» **Recorded information**:
---------------

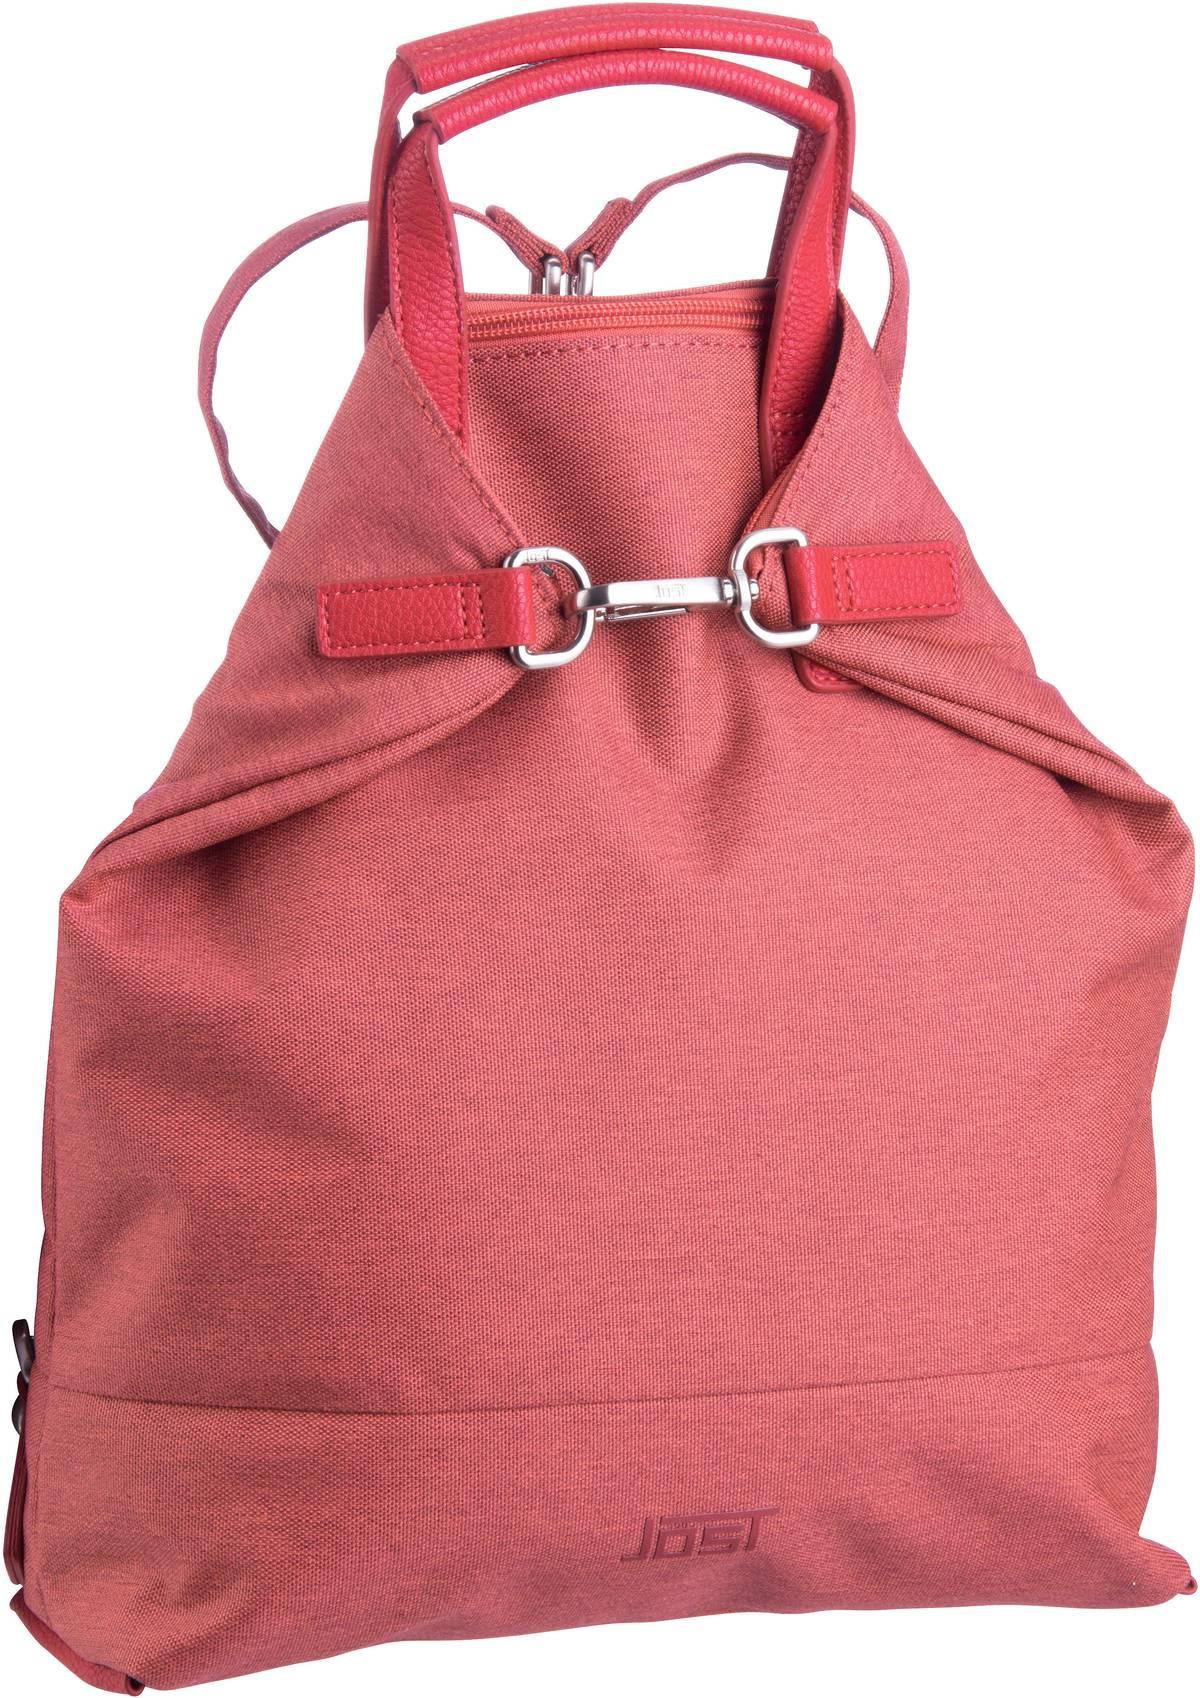 Jost Rucksack / Daypack 1126 X-Change Bag XS k
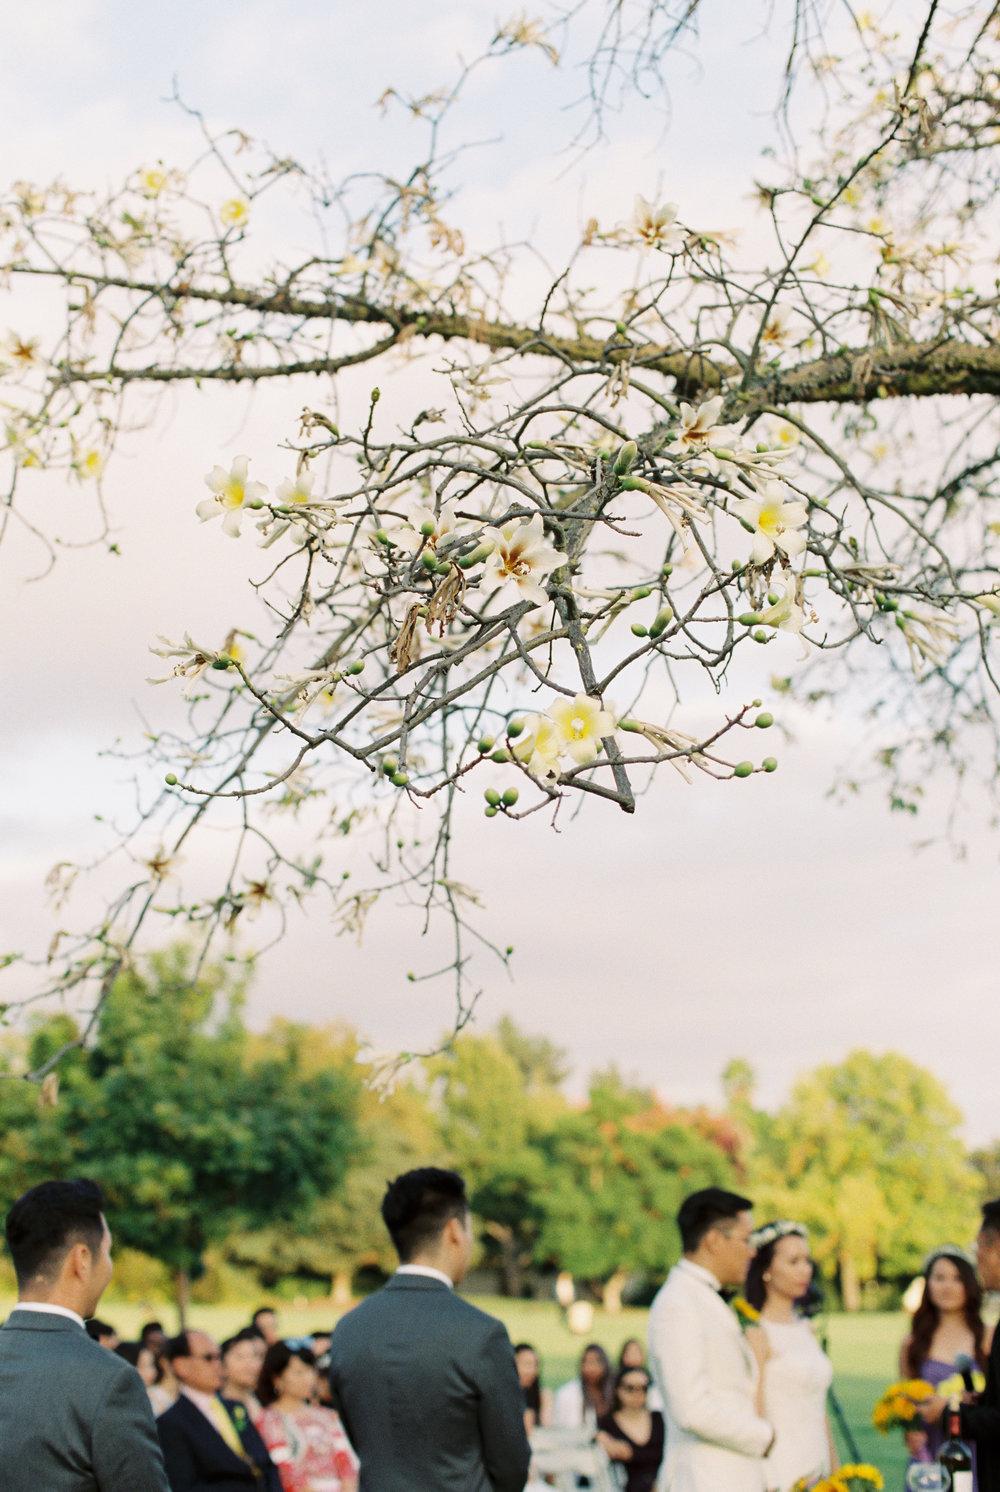 los-angeles-county-arboretum-and-botanic-garden-wedding-photos-photography408.jpg
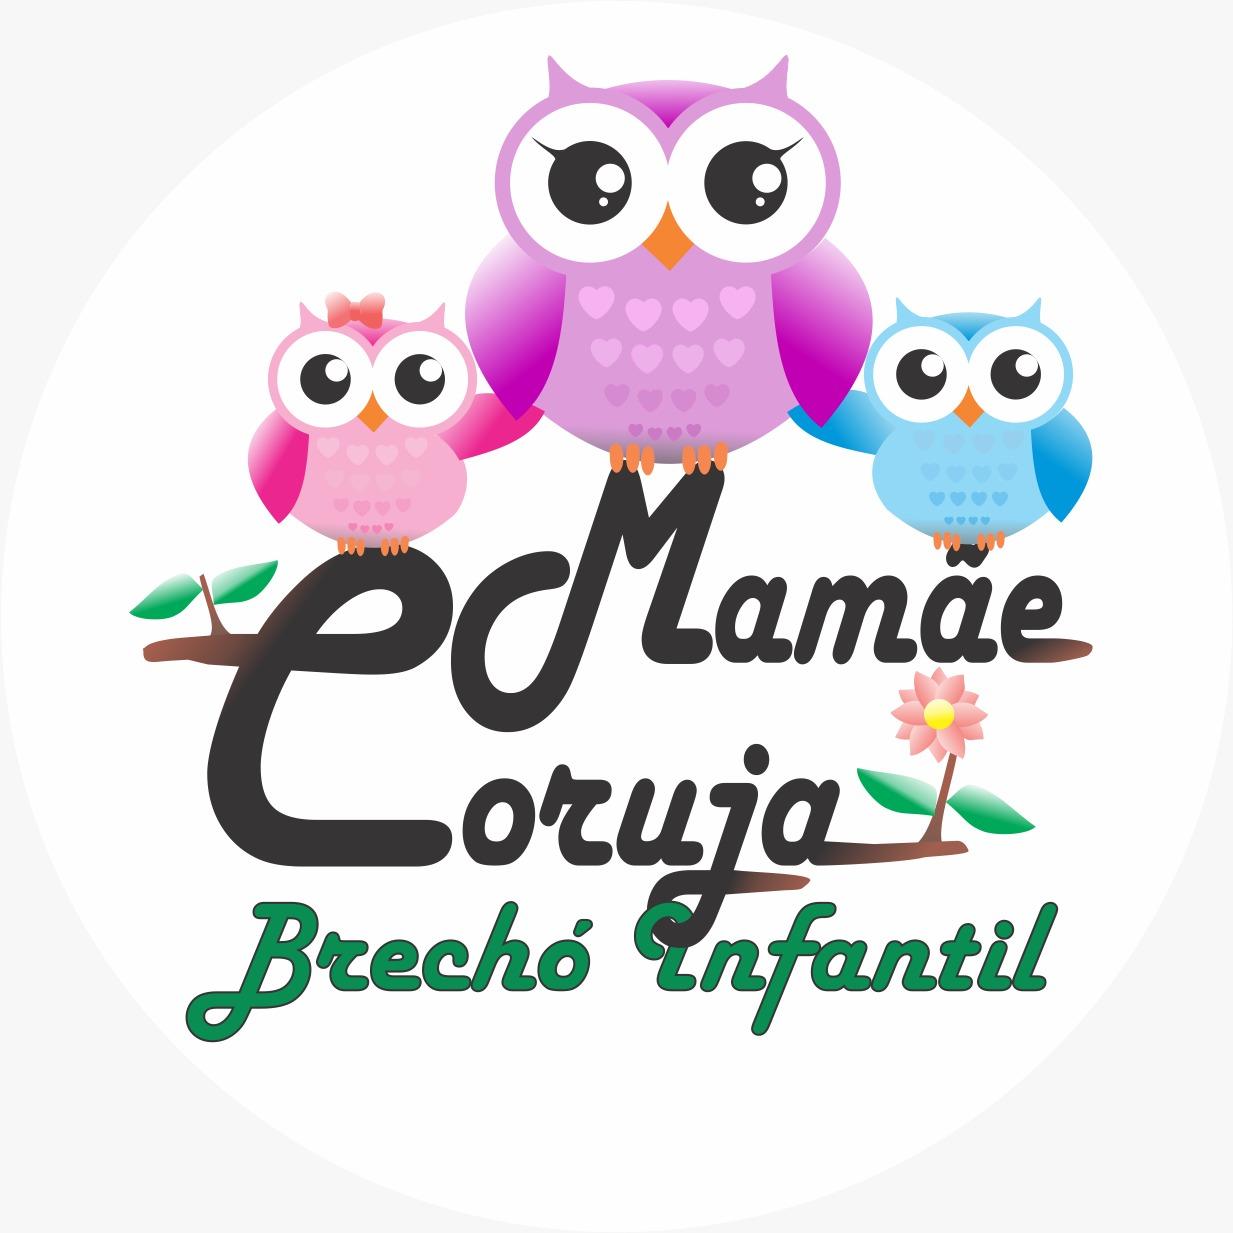 Mamãe Coruja Brechó Infantil
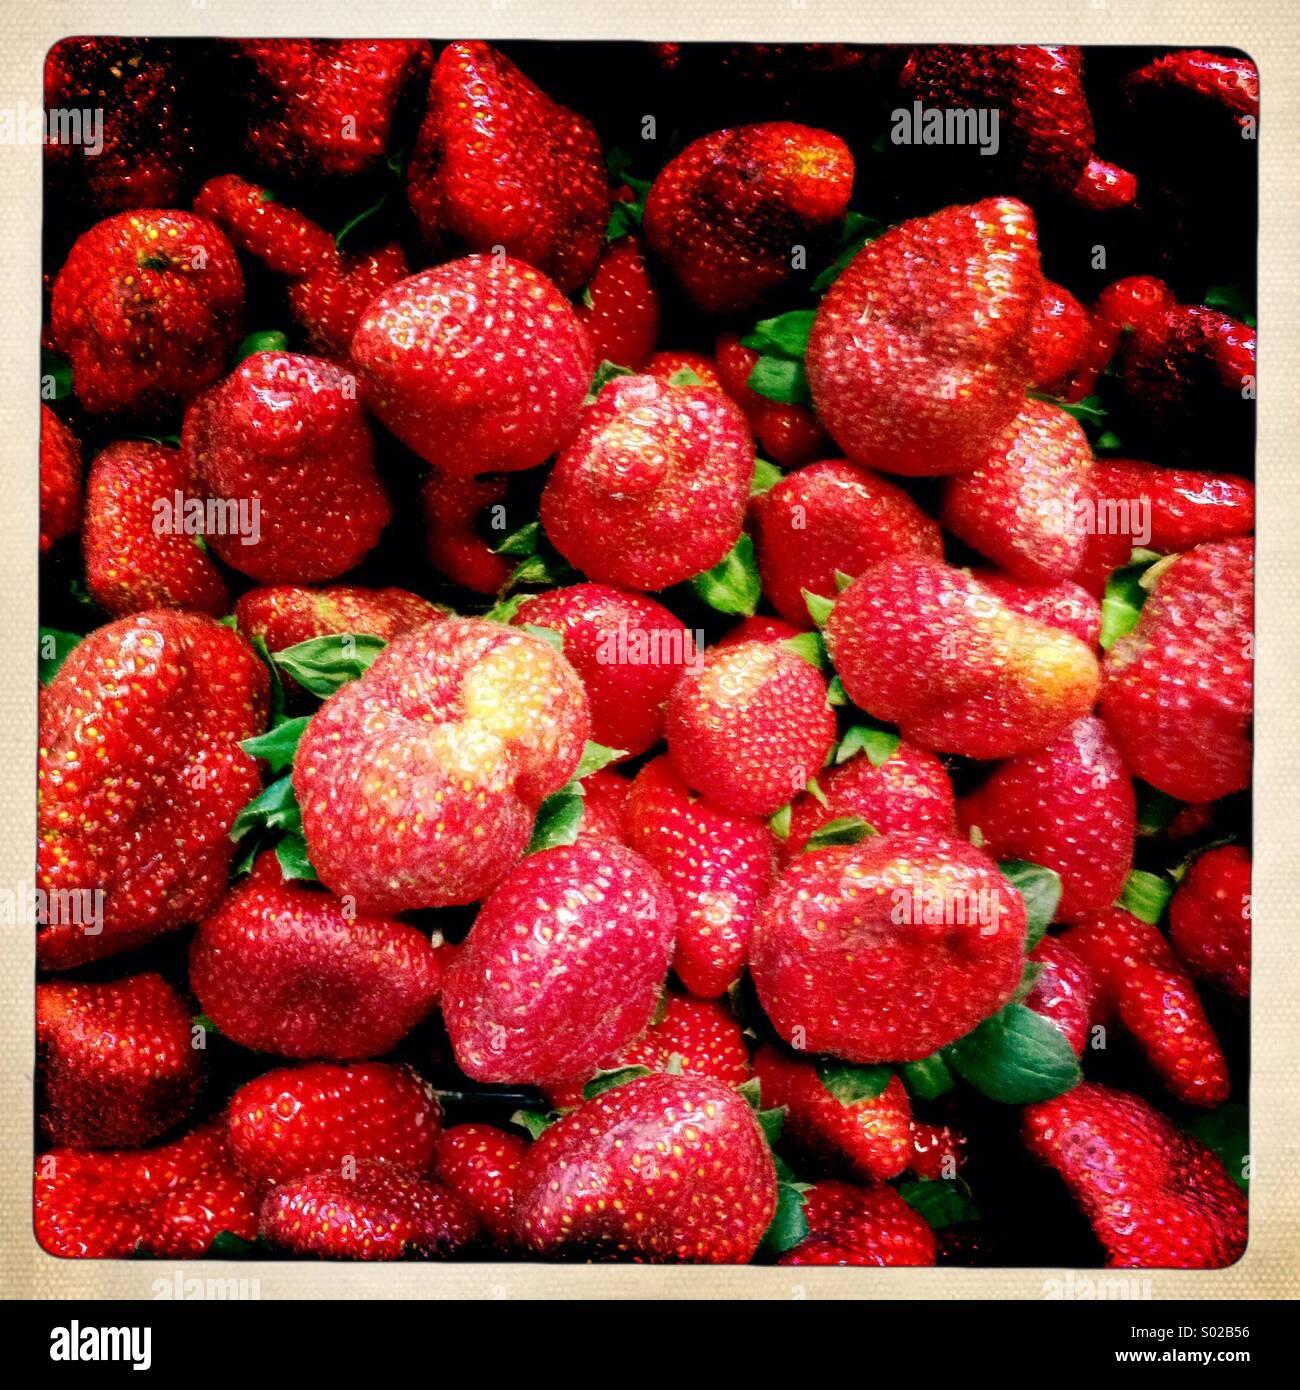 Strawberries in market - Stock Image

---------------

Give the data again exactly as it appears, but without any images.

» **Response to this exercise**:
 Jost Rucksack / Daypack 1126 X-Change Bag XS k
 los-angeles-county-arboretum-and-botanic-garden-wedding-photos-photography408.jpg
 Mamãe Coruja Brechó Infantil
 Strawberries in market - Stock Image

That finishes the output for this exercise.